Bowater watched, mesmerized. All those ships. It was a terrible, terrible thing. He could recall the pride he once felt, looking upon those very ships, some of the most powerful in the world, enjoying the awe that their potential power could inspire. What could he do against them with his own tiny man-of-war, though she was nearly as fine as any that the Confederate States Navy could boast?
“Mr. Harwell, you may cast off the Parrott gun and try a ranging shot at the Yankee fleet,” he said. Harwell acknowledged the order, ran forward, nearly collided with Hieronymus Taylor coming up the ladder from the deck below.
“Good afternoon, Captain,” he said and paused to bite the end off a new cigar, spit the torn bit over the side, and light the noxious thing. He looked up, and for a long moment he just stared out at the Union fleet and the hail of iron they were hurling at the Confederate fort.
“Oh, Lordy…” he said at last.
“Behold, Chief Taylor,” Bowater said. “This, I believe, is why the Yankees do not lie awake nights for fear of the Confederate States Navy.”
24
Every effort that nautical skill, invention and courage can put forth must be made to oppose the enemy’s descent of the river, and at every hazard.
– Stephen R. Mallory
It was not difficult, Robley Paine discovered, for a man of means to get what he wanted, the increasing constrictions of war notwithstanding. Because the one thing people wanted more than anything was hard currency, gold, and that Robley Paine had.
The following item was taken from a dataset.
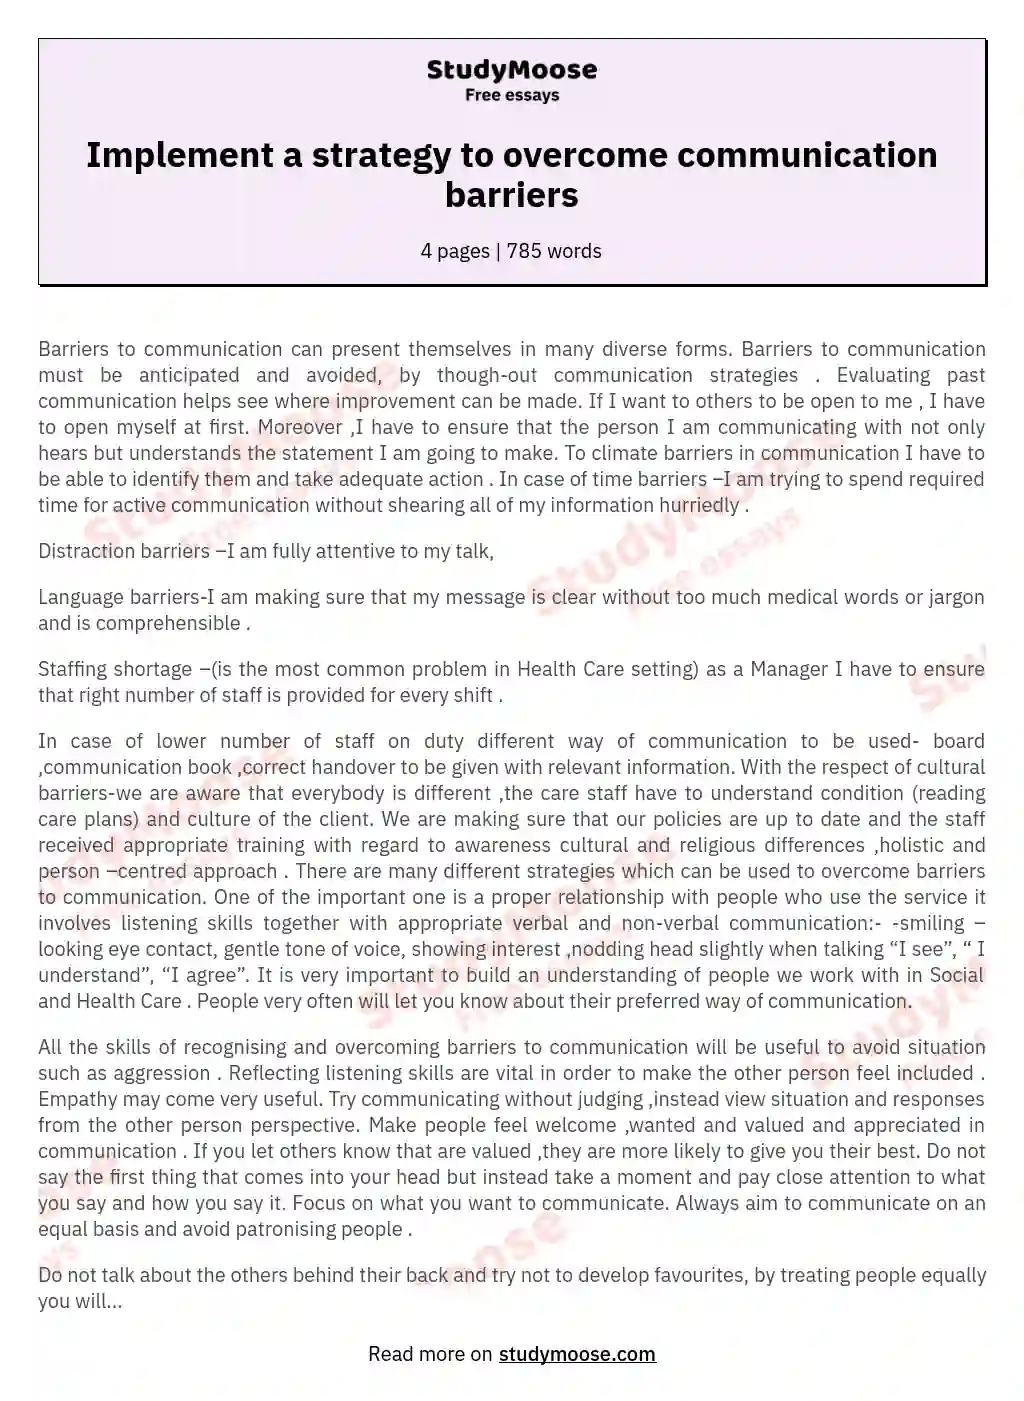 Implement a strategy to overcome communication barriers essay
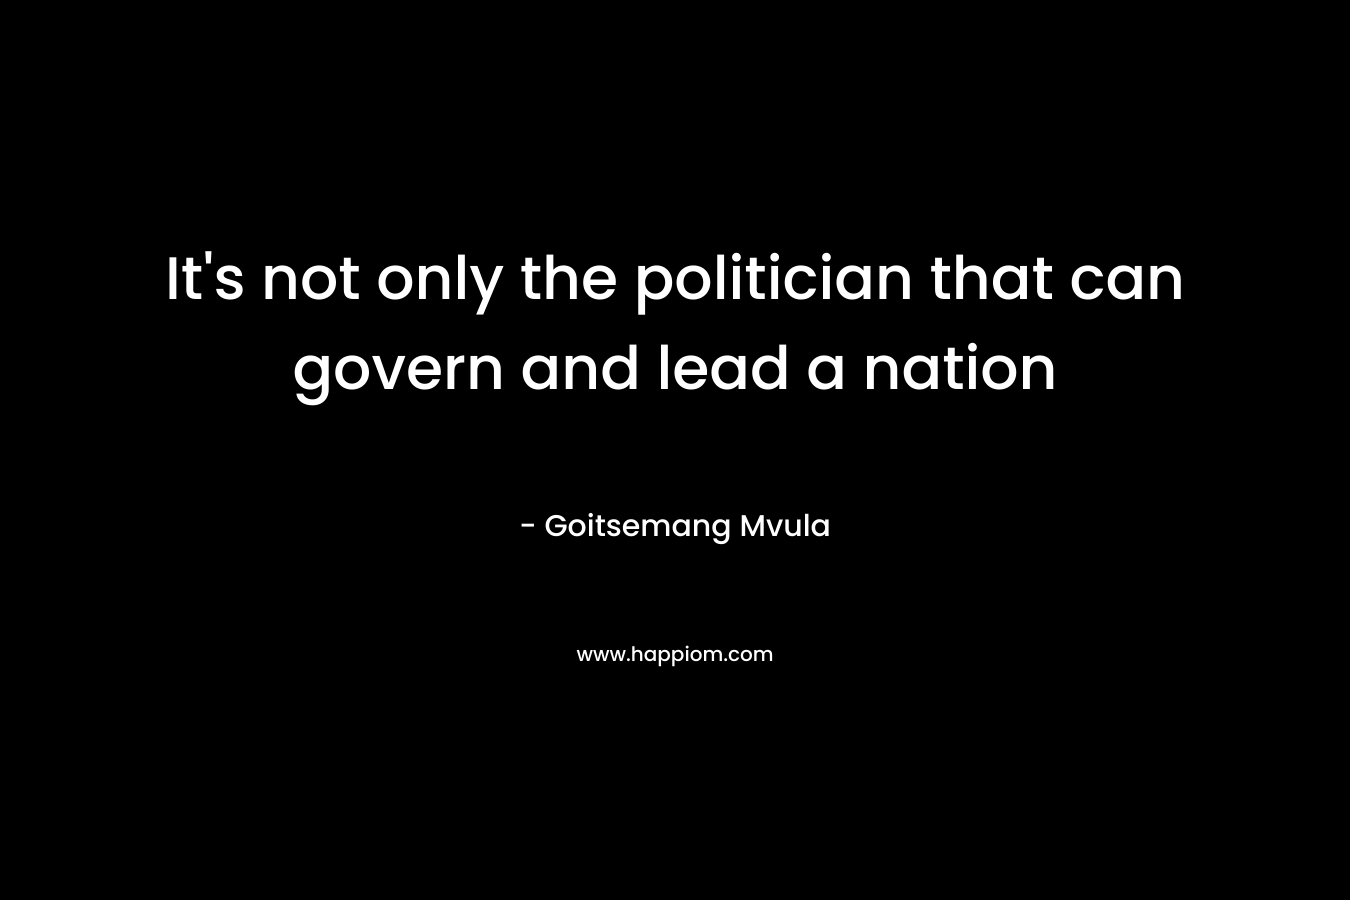 It's not only the politician that can govern and lead a nation

Robley Paine had never been one for bank accounts, drafts, scrips, ephemeral bits of paper. He had all those things, of course. The world was too complicated for one to do business without them. But Paine’s primary concern, his raison d’etre, had been his boys’ legacy, and he would not trust that to preprinted forms and bankers’ promises. He would see, before all else, that his boys were set, that the Paine plantation and the Paine fortune would be there for them.
He was not alone in that, of course. It was the dream of every planter in the South. But the wealth of most other men was measured in land and slaves. What cash they had was paper currency issued by banks, or now by the Confederate States, which was already showing signs of devaluation, though the government had been issuing the notes for less than a year.
Robley Paine, however, kept a good deal of his wealth in gold, solid gold, bullion and coin.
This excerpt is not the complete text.